| What is needed |
From the records below, output exactly the lines starting at the line with "Ennyi holttestet találtak" and ending at the line with "Les prochaines fonctionnalités", both of them included, but no pictures.

| Dataset records |
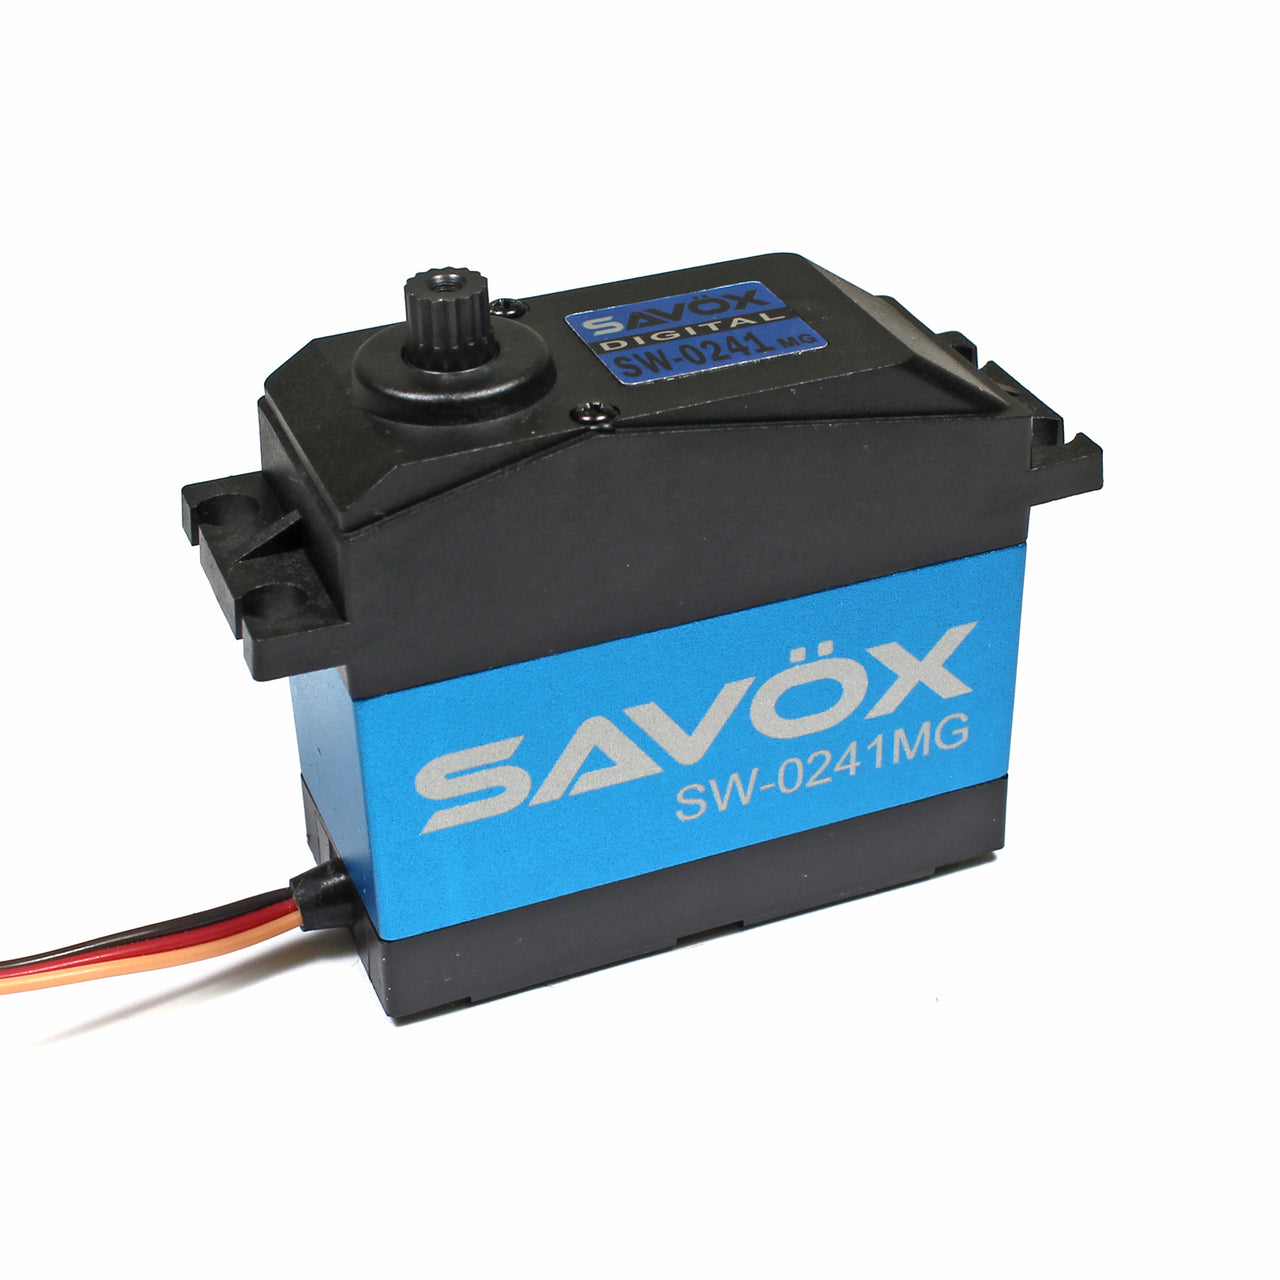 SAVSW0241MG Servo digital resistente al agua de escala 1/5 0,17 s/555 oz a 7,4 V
==
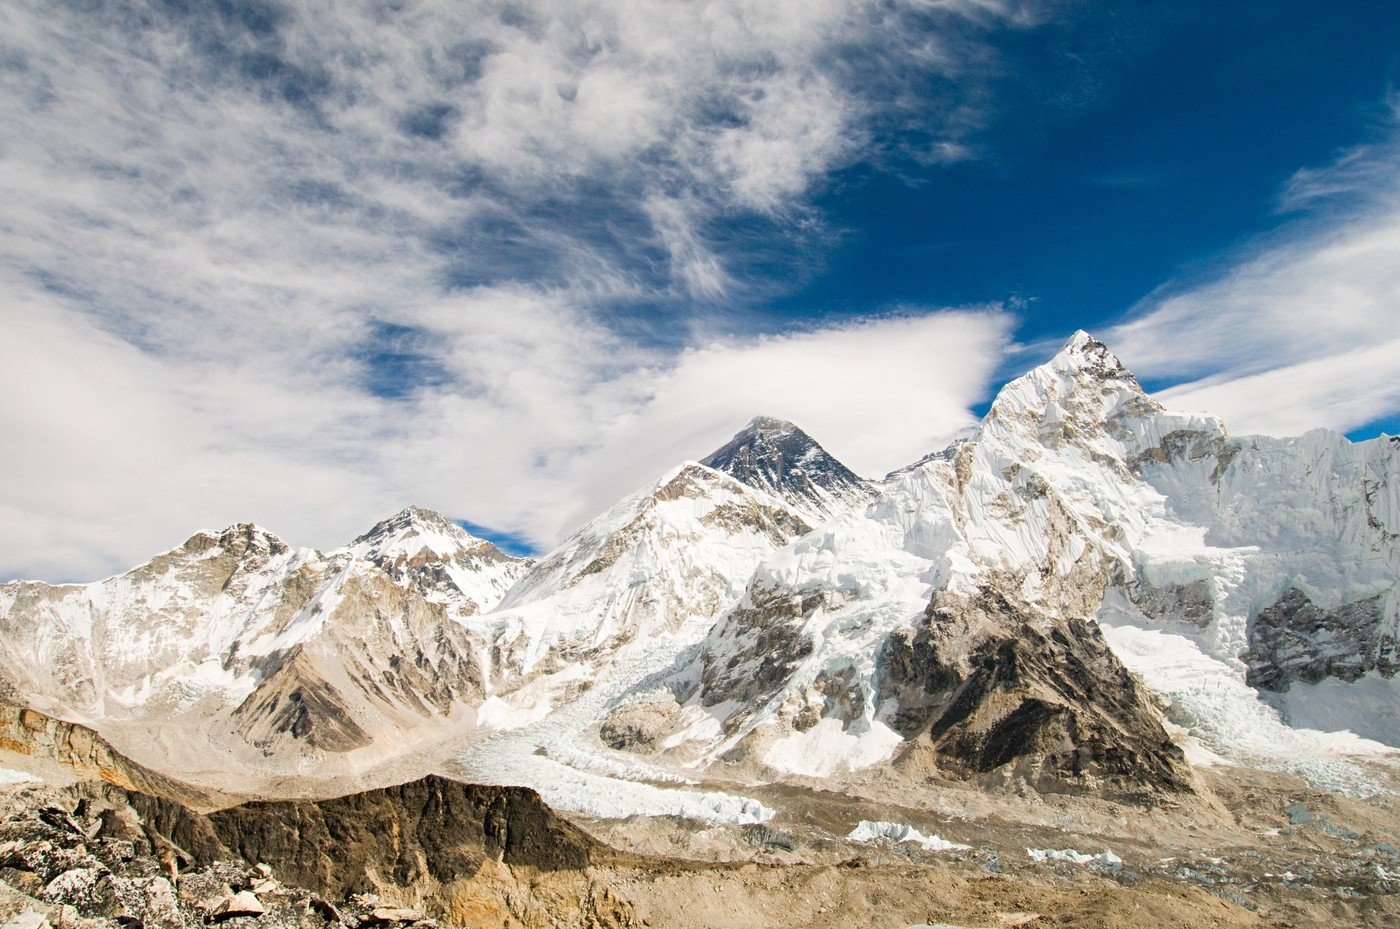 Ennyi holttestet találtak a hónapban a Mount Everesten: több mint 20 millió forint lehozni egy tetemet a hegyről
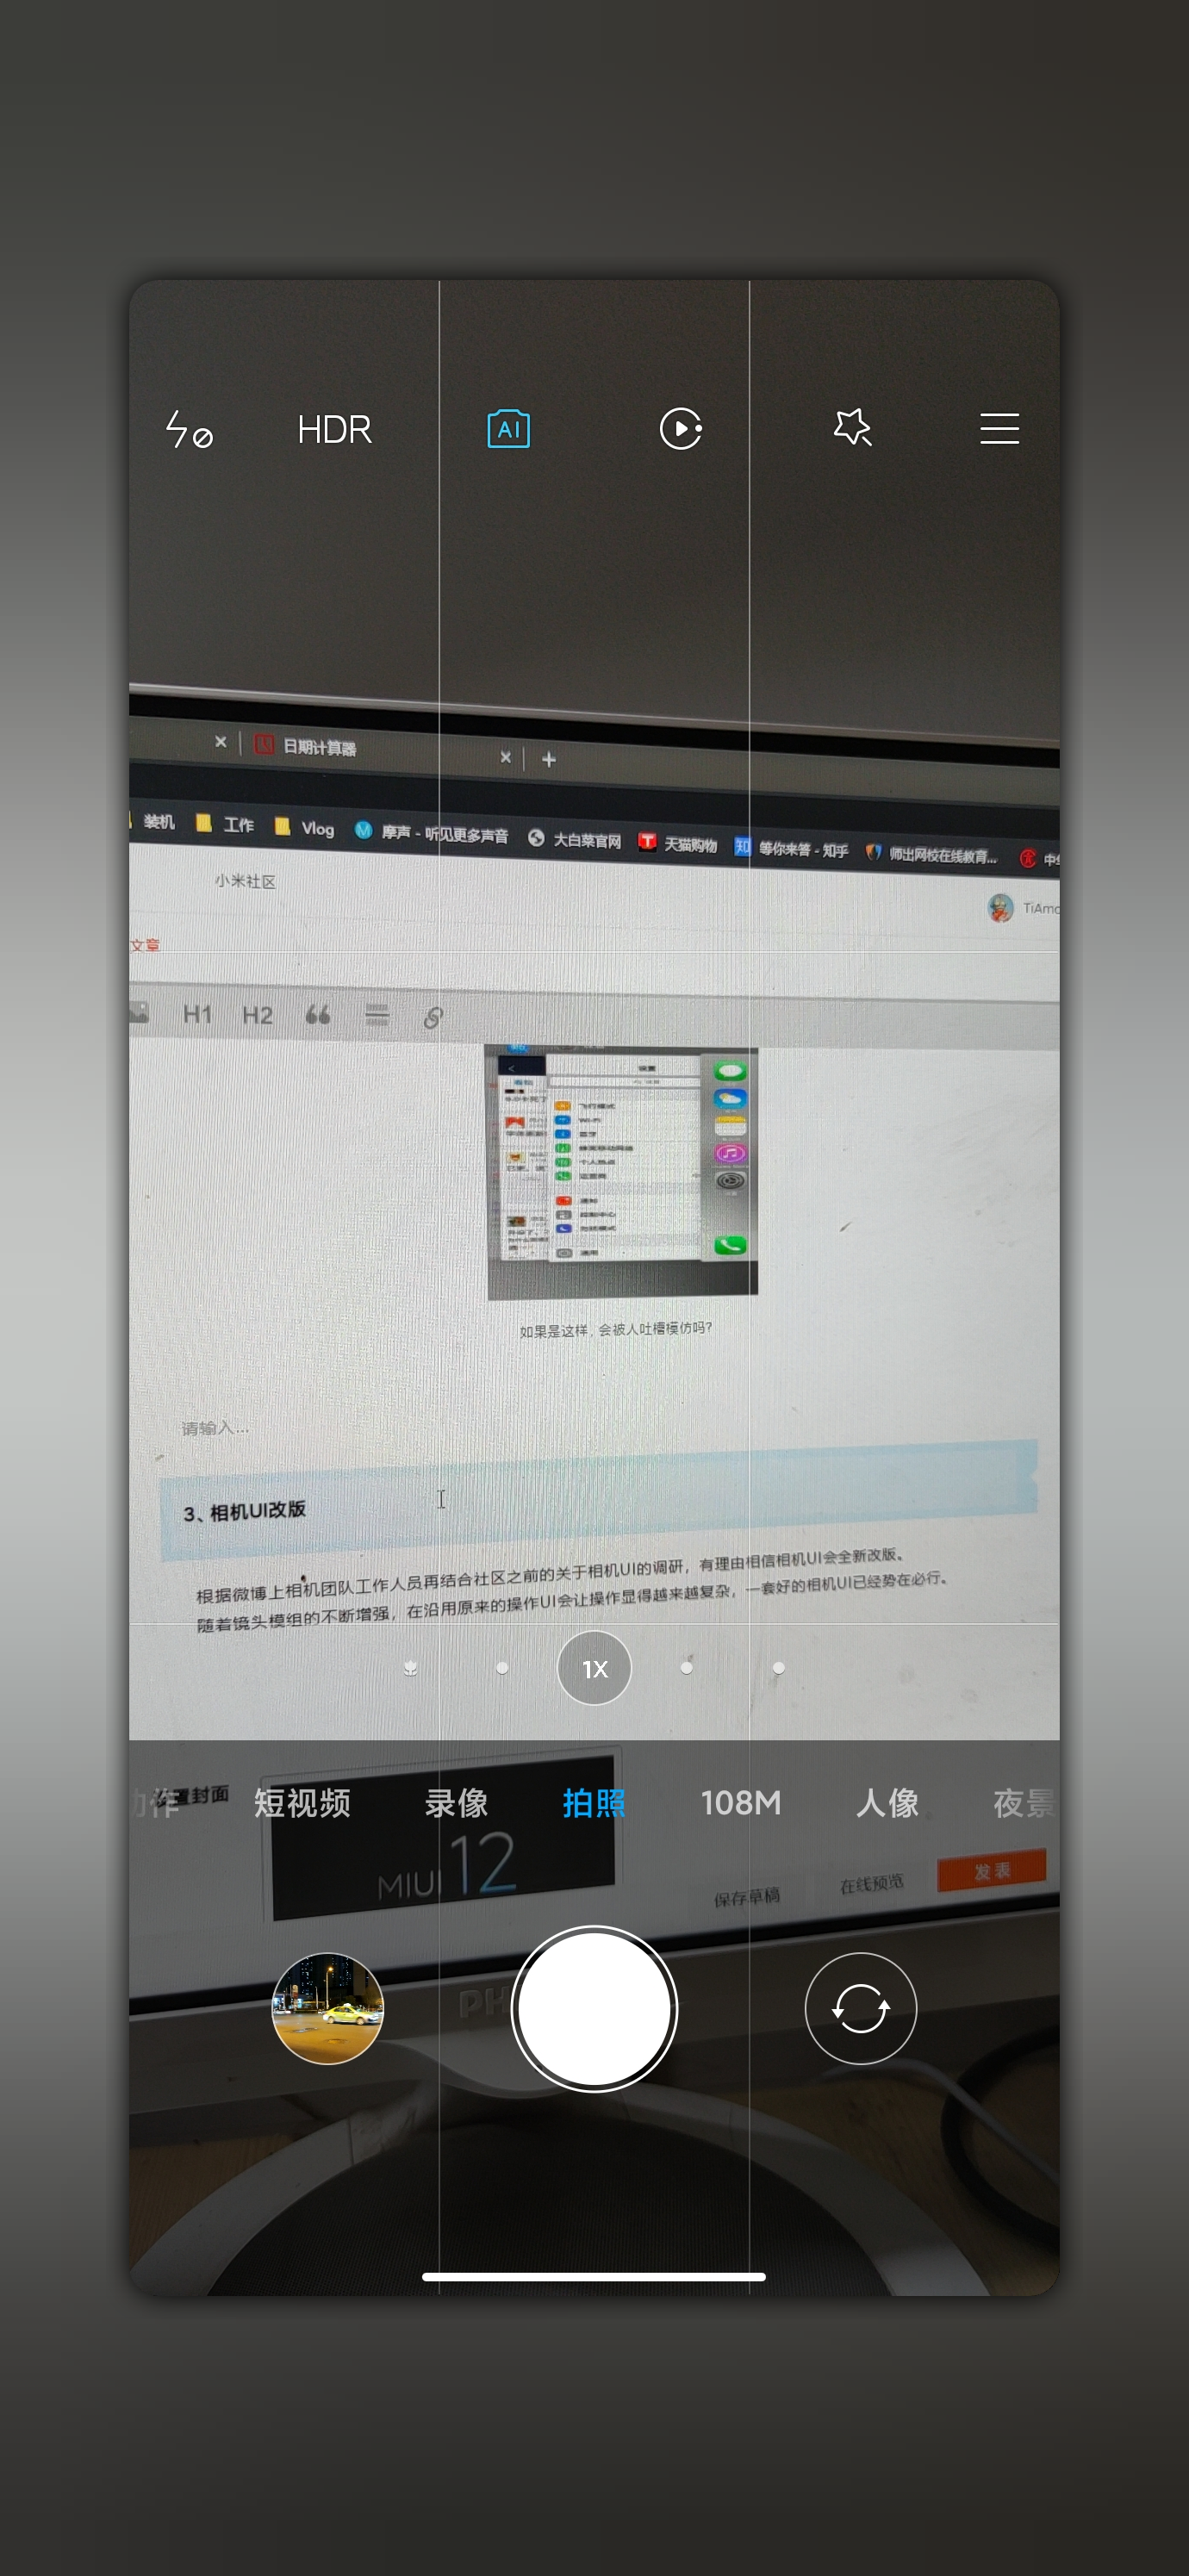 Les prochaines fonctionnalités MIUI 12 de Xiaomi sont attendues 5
==
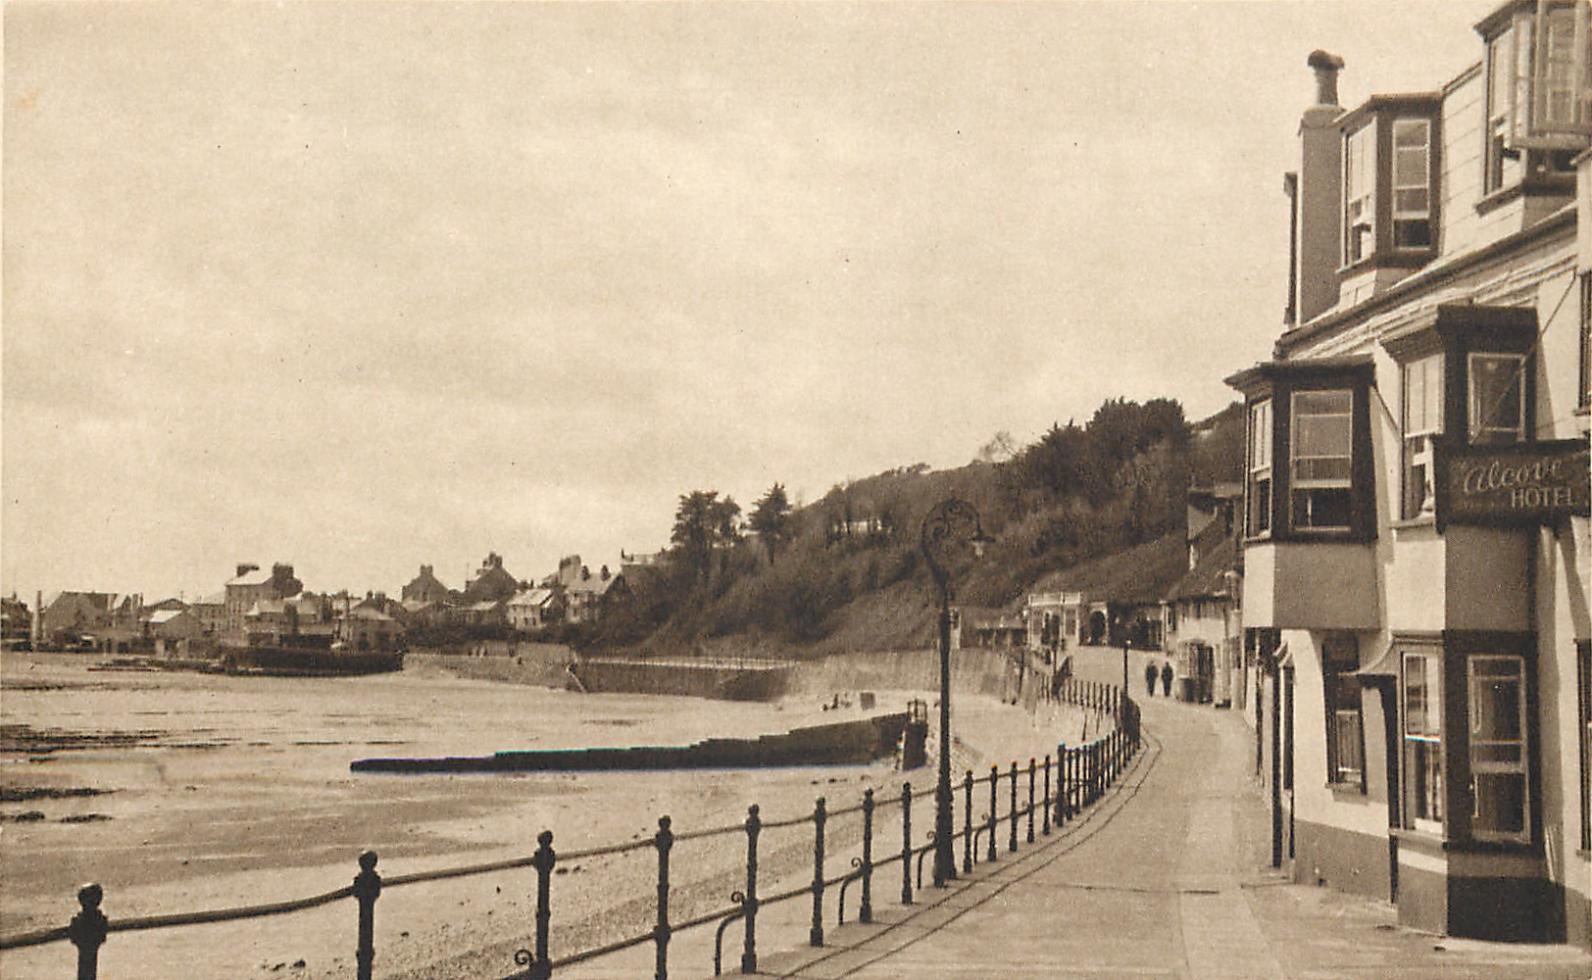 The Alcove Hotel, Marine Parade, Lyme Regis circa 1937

| Answer space |
 Ennyi holttestet találtak a hónapban a Mount Everesten: több mint 20 millió forint lehozni egy tetemet a hegyről
 Les prochaines fonctionnalités MIUI 12 de Xiaomi sont attendues 5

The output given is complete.